Nach einer gründlichen allgemeinen Einführung in die Evolutionstheorie gelingt es Dennett in schlüssiger und recht allgemein verständlicher Form aufzuzeigen,
-warum Darwins Theorie so kraftvoll ist,
-dass sie nicht nur in der Biologie, sondern auch auf ganz anderen Gebieten zu bahnbrechend neuen Einsichten geführt hat und wohl auch noch führen wird und
-warum Darwins Theorie die meisten unserer geliebten Vorstellungen vom Leben nur scheinbar bedroht und ihnen eine neue Grundlage zu geben verspricht.

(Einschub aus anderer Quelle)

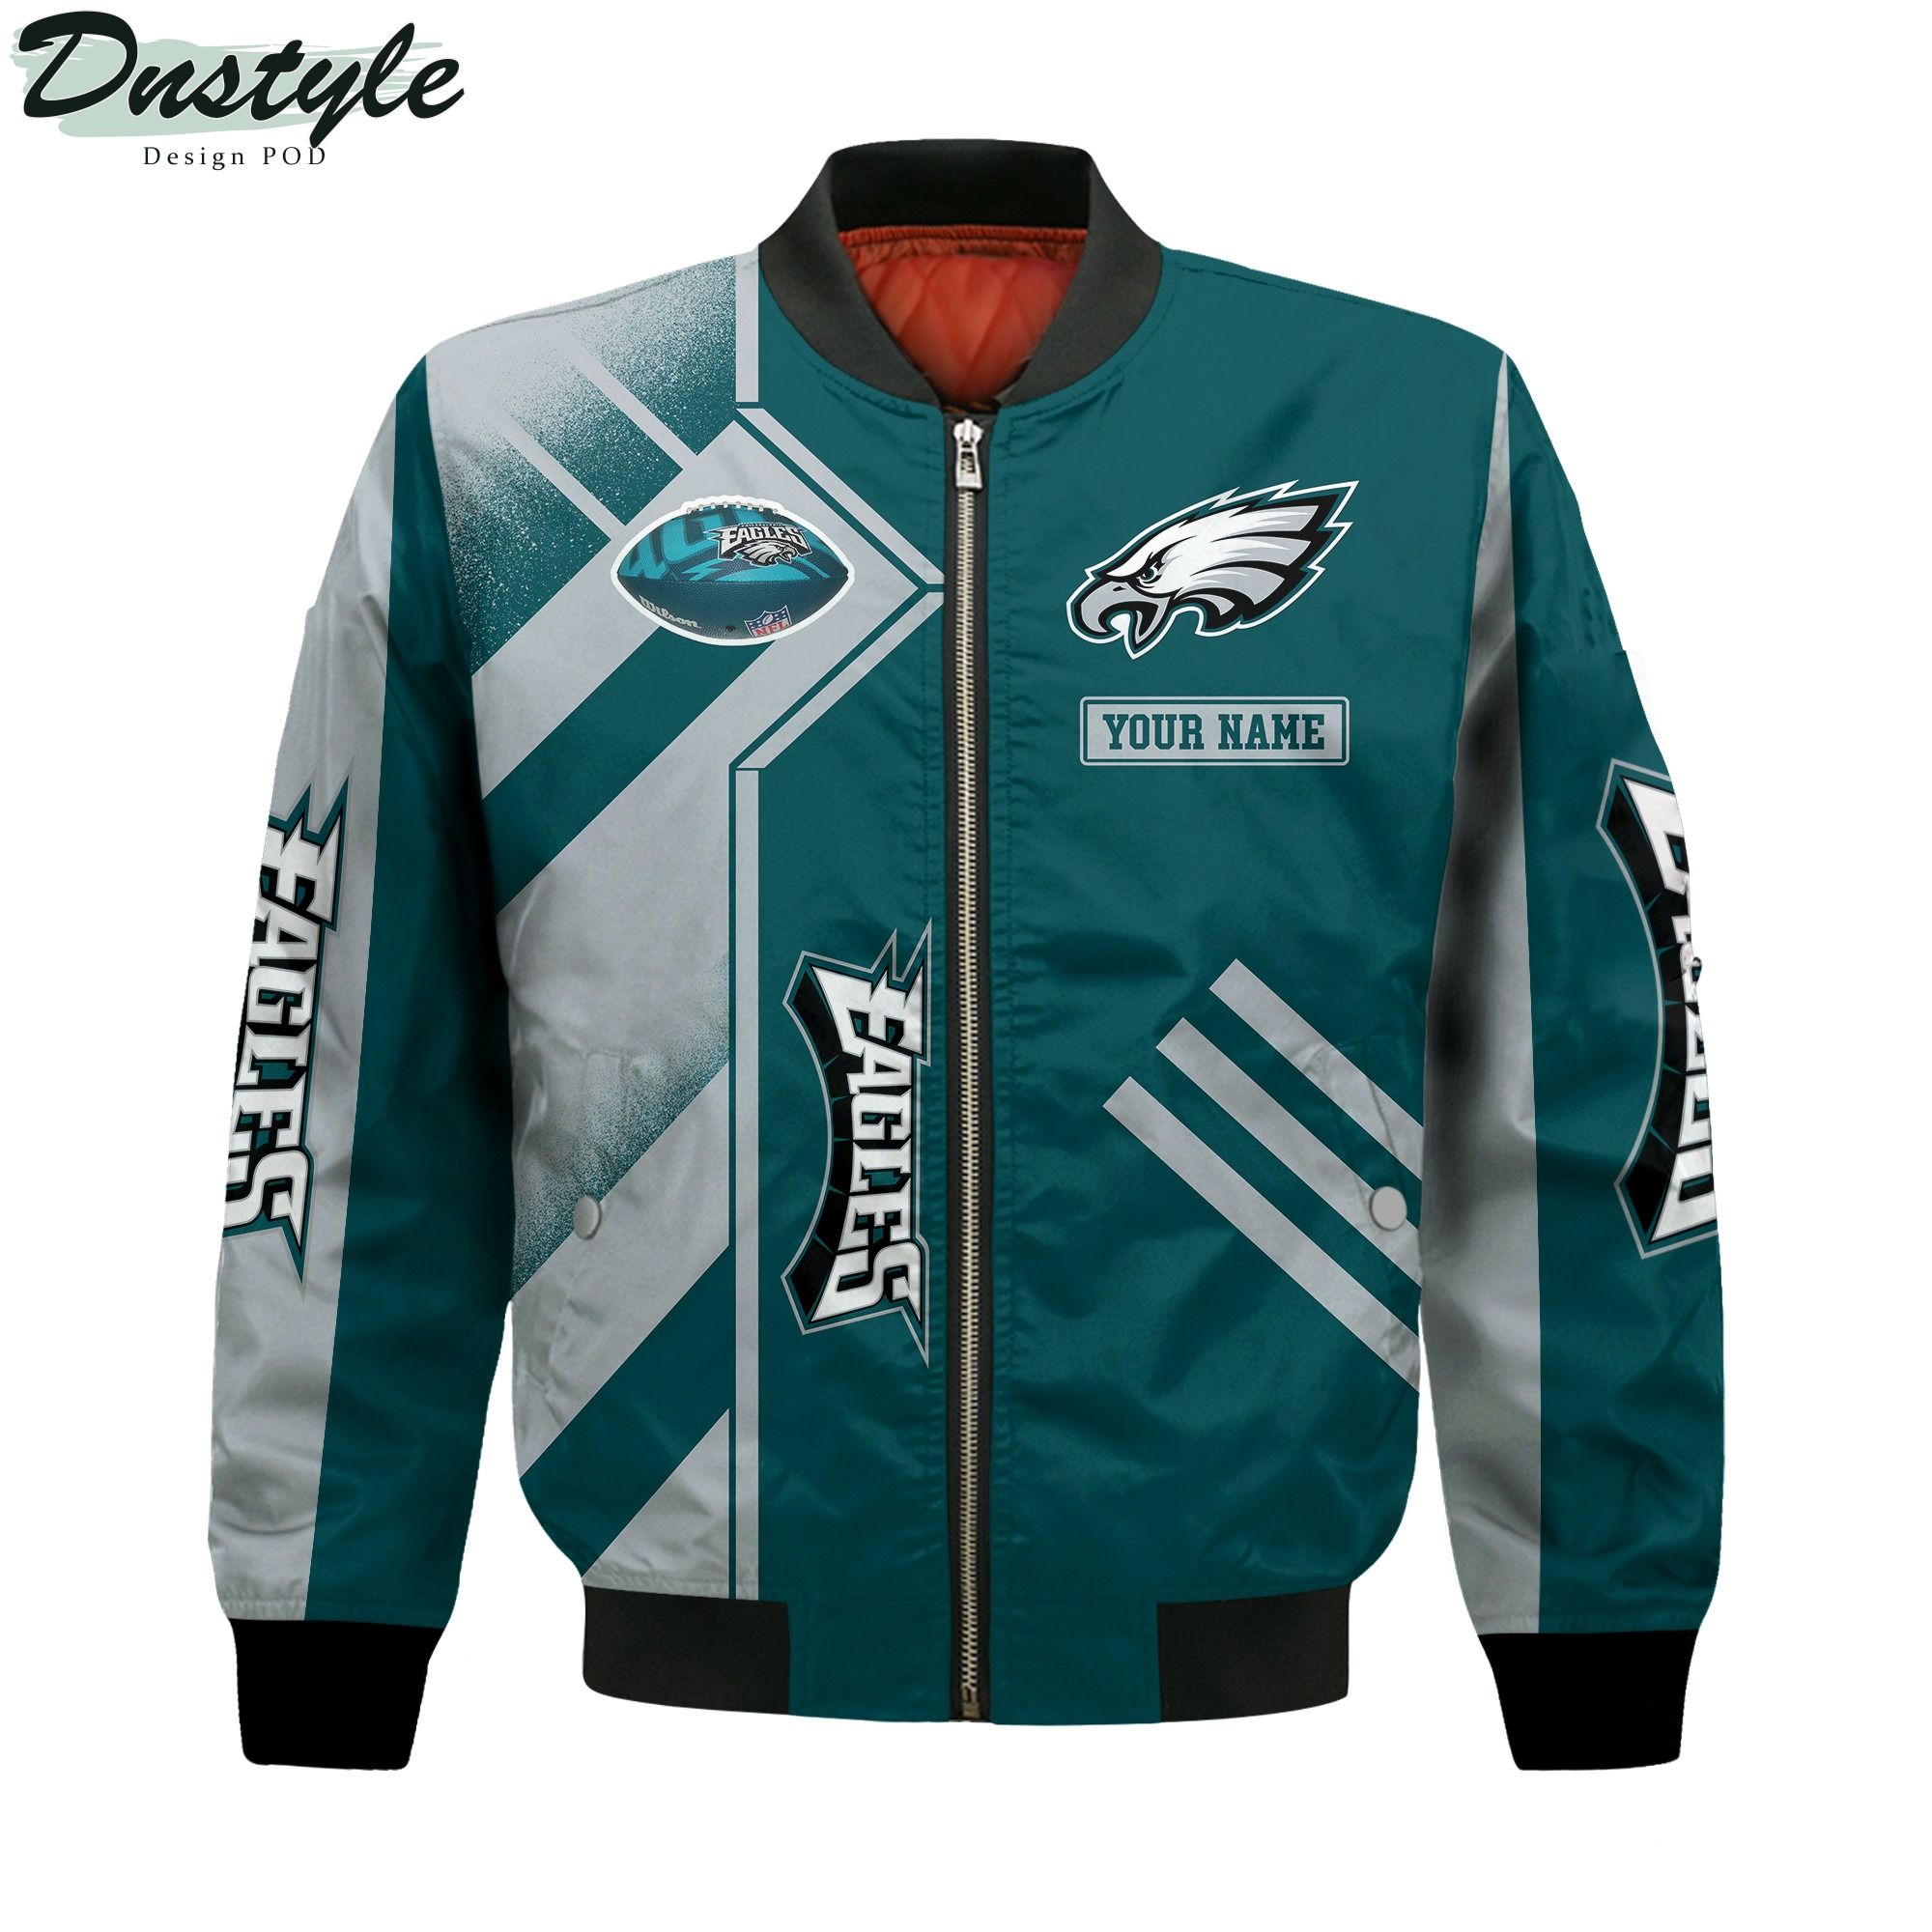 Philadelphia Eagles NFL 1X Super Bowl Champions Custom Name Bomber Jacket

Das Buch ist hoch interessant für alle Menschen, die sich für Evolution und Philosophie interessieren. Es sei auch allen Menschen empfohlen, die bereit sind, sich kritisch mit der Evolutionstheorie und ihrer eigenen Einstellung zu dieser Theorie auseinander zusetzen.
Leider ist es gegenwärtig vergriffen und im Antiquariat nur zu bizarr anmutenden Preisen zu erhalten. Die gute Nachricht: Es kann in jeder größeren Stadtbibliothek ausgeliehen werden.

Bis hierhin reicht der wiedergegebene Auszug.